Выбрать главу

— Кстати и обед будет вкуснее. Браво, отец, — поддерживала Чукка, продолжая стряпню, — я давно и очень в находчивость нашего старого юноши верю.

— Это еще не все, — разошелся Хорт, — продолжение будет после обеда. Тут забавно то, что об этом бревне я вспомнил еще при словах оратора Рэй-Шуа: «к чорту мое писательство», а при моем упоминании о зайцах я придумал способ его доставки. Очевидно, представление о заячьих норах толкнуло на эту мысль, но почему определенные слова Рэй-Шуа явили воспоминание о бревне, оставленном от постройки, не знаю…

— Ххо. Я довольно легко могу разъяснить тебе: — загорелся Рэй-Шуа, помогая Хорту пилить сосновое бревно на дрова, — при своих словах: «к чорту мое писательство» — я вспомнил, как осенью в первый снег мы сидели с тобой на этом бревне и спорили о том — правильно ли я поступил, бросив писать свои книги… Радио-мысль…

— Теперь ясно, — перебил Хорт, — и я готов без конца утверждать, что во-первых, ничего на свете не происходит зря, а во-вторых, ты поступил неправильно, бросив свое писательство. Некоторое время и я думал, что это правильно, а потом решил, что это — ерунда, неправильно.
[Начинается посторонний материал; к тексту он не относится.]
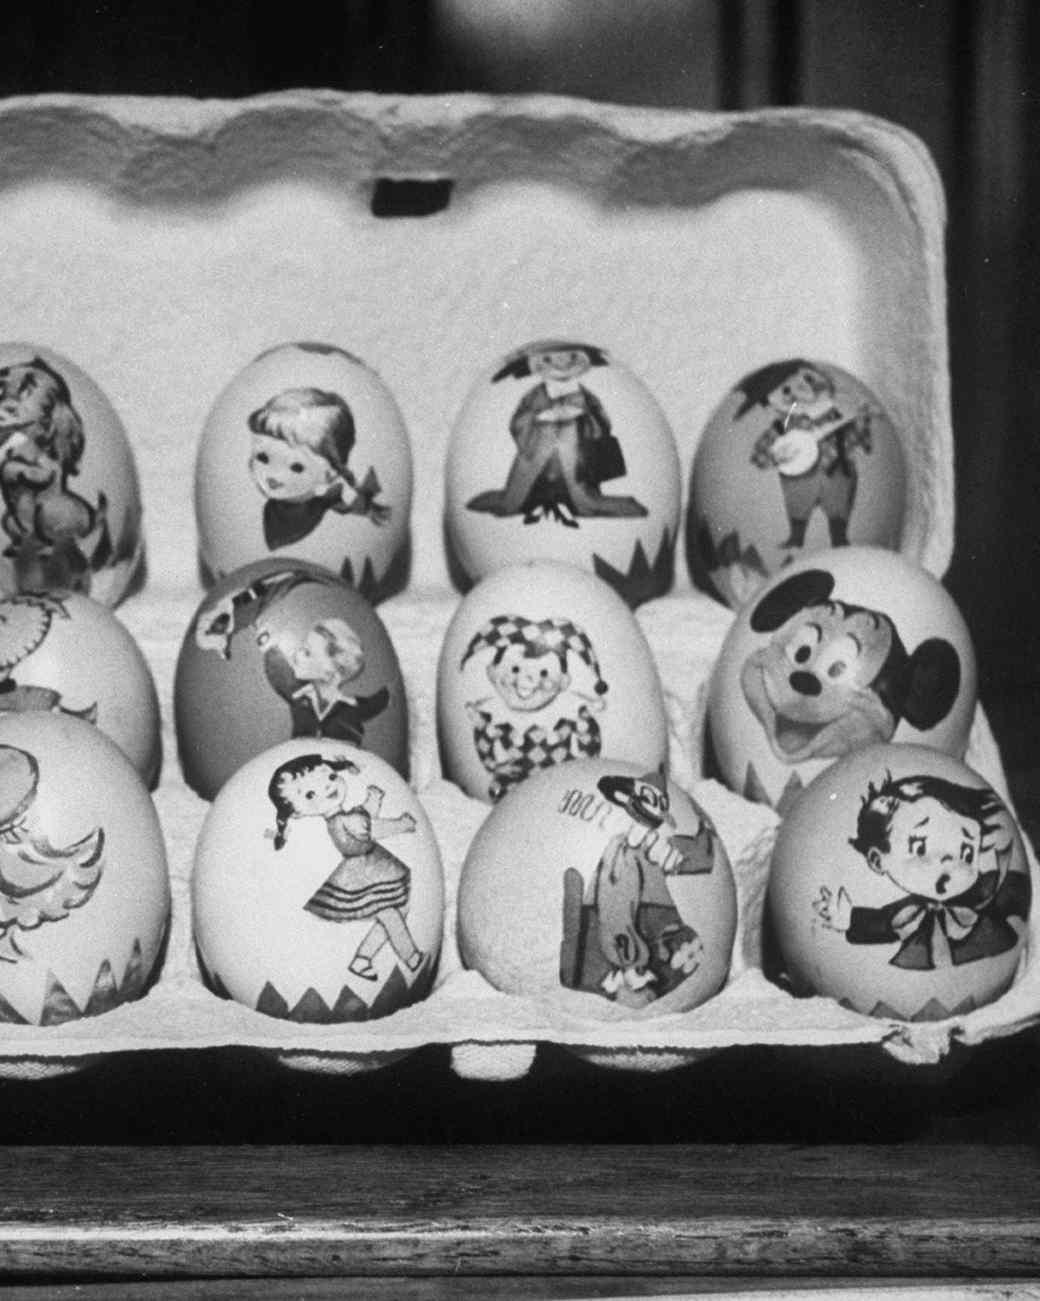 decorated eggs in carton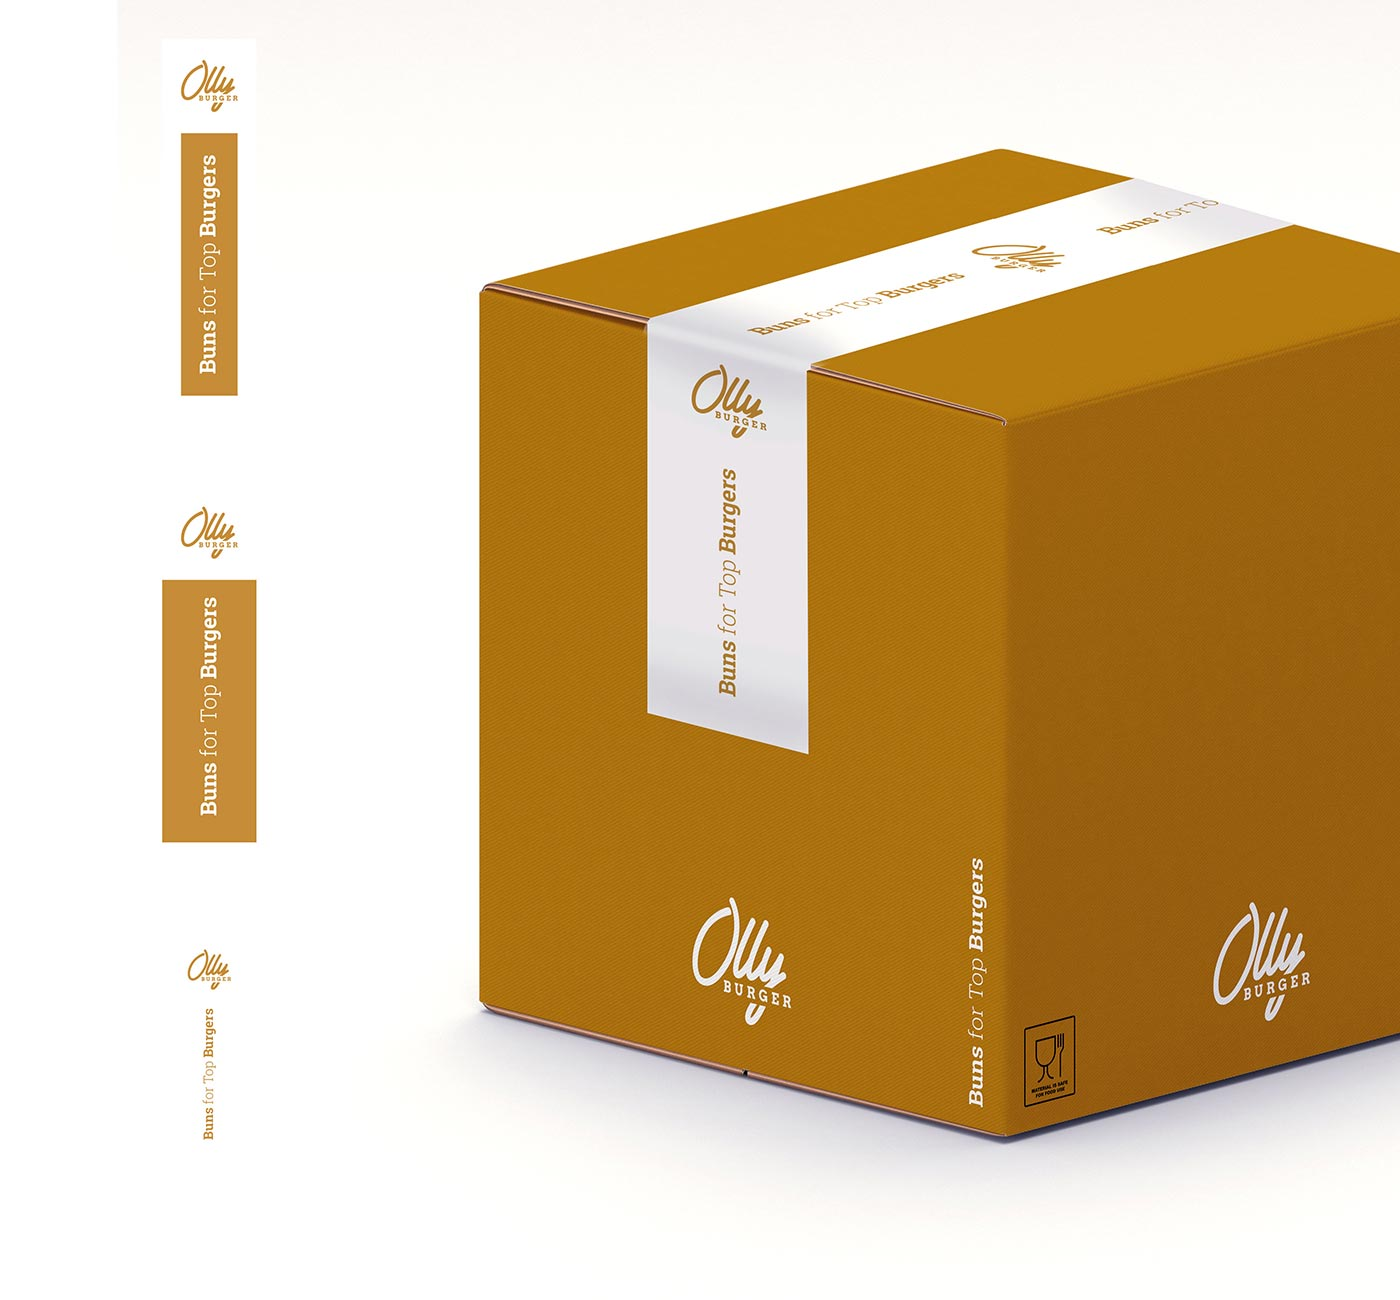 07 OLLY BURGER logotype grafico milano

— Правильно, правильно! — кричал Рэй-Шуа, оттаскивая в сени отпиленный чурбан, — я согласен вполне, что ничего на свете не происходит зря. А раз это так неоспоримо — то мое брошенное писательство — очевидно факт какого-то высшего смысла, значение которого впоследствии как всё, мы сумеем разгадать…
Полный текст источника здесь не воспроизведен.